Wiedersehen nach langer Zeit als Gartenzwerge.

So stellen sich die Chinesen die Deutschen vor, nachdem sie den deutschen Pavillon besucht haben.

Diese Woche ist unser erster Besuch aus Deutschland eingetroffen. Ex-Kommilitone Pauli ist für knapp 14 Tage beruflich in Shanghai und nachdem wir uns lange nicht gesehen hatten, wollten wir die gemeinsamen Tage in der Stadt

ausnutzen. Das Wochenende begann mit einem Widersehensbier in unserer “alten” Wohnung. Anschliessend ging es auf eine Privatparty bei Freunden in der “French Concession” (Stadtviertel), welche in einer Reise durch die alkoholischen Erzeugnisse dieser Welt endete. Neben Rum aus der Karibik, Bier aus China, Wein aus Frankreich und Cocktails aus dem Mixer gab es irgendwann auch Jägermeister aus Deutschland und diverse, andere Exoten – alles bunt gemischt und die perfekte Basis für den anstehenden Expobesuch am nächsten Tag.

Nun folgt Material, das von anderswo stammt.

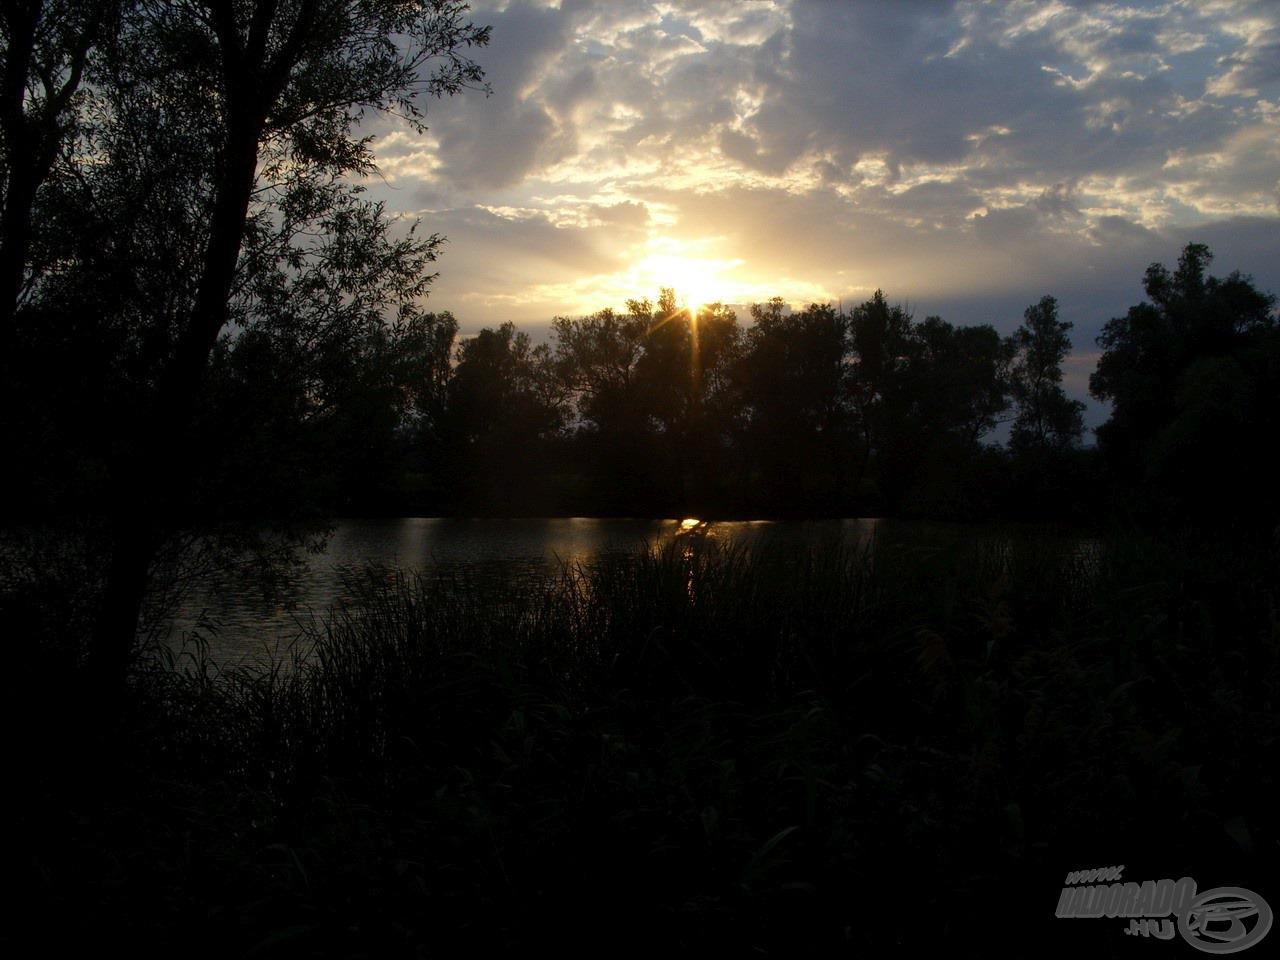 A rendületlenül tüzelő nap hamarosan lebukott a túlparti fák koronája mögött. Nagyon reménykedtem az előttem álló éjszakában…

Fast als wäre es abgesprochen gewesen, trafen wir Pauli zufällig in der Metro auf dem Weg zum vereinbarten Treffpunkt (keine Selbstverständlichkeit in einer 20-Millionenstadt) und den Rest der Truppe auf dem Expogelände. Under Ziel für diesen Tag lautete: Möglichst viele Pavillons besuchen und dabei möglichst wenig (bis gar nicht) anstehen. Dazu muss man wissen, dass für die Laufzeit der Expo mit 70 Millionen Besucher gerechnet wird. Diese Massen an Menschen werden wie Vieh durch die Länderpavillons geschleust und die durchschnittliche Anstehzeit vor diesen beträgt zwischen 1,5 und 7!! Stunden für die beliebtesten Stände. Vor dem Saudi Arabischen wurden vor zwei Wochen sogar 8 Stunden gemessen. Das wollten wir uns definitiv ersparen.

Der Vorteil am Expatsein ist, dass man hier sehr schnell sehr viele Menschen aus allen möglichen Winkel dieser Erde trifft. Und nicht wenige davon sind hier weil sie auf der Expo arbeiten. Diese Beziehungen wollten wir nutzen und haben uns im Vorfeld für mehrere Pavillons auf die VIP-Gästelisten setzen lassen. Ob das geholfent hat sollten wir im Laufe des Tages herausfinden.

Von uns zwar nicht besucht, aber dennoch schön anzusehen: Brasiliens Expopavillon.

Von uns zwar nicht besucht, aber dennoch schön anzusehen: Brasiliens Expopavillon.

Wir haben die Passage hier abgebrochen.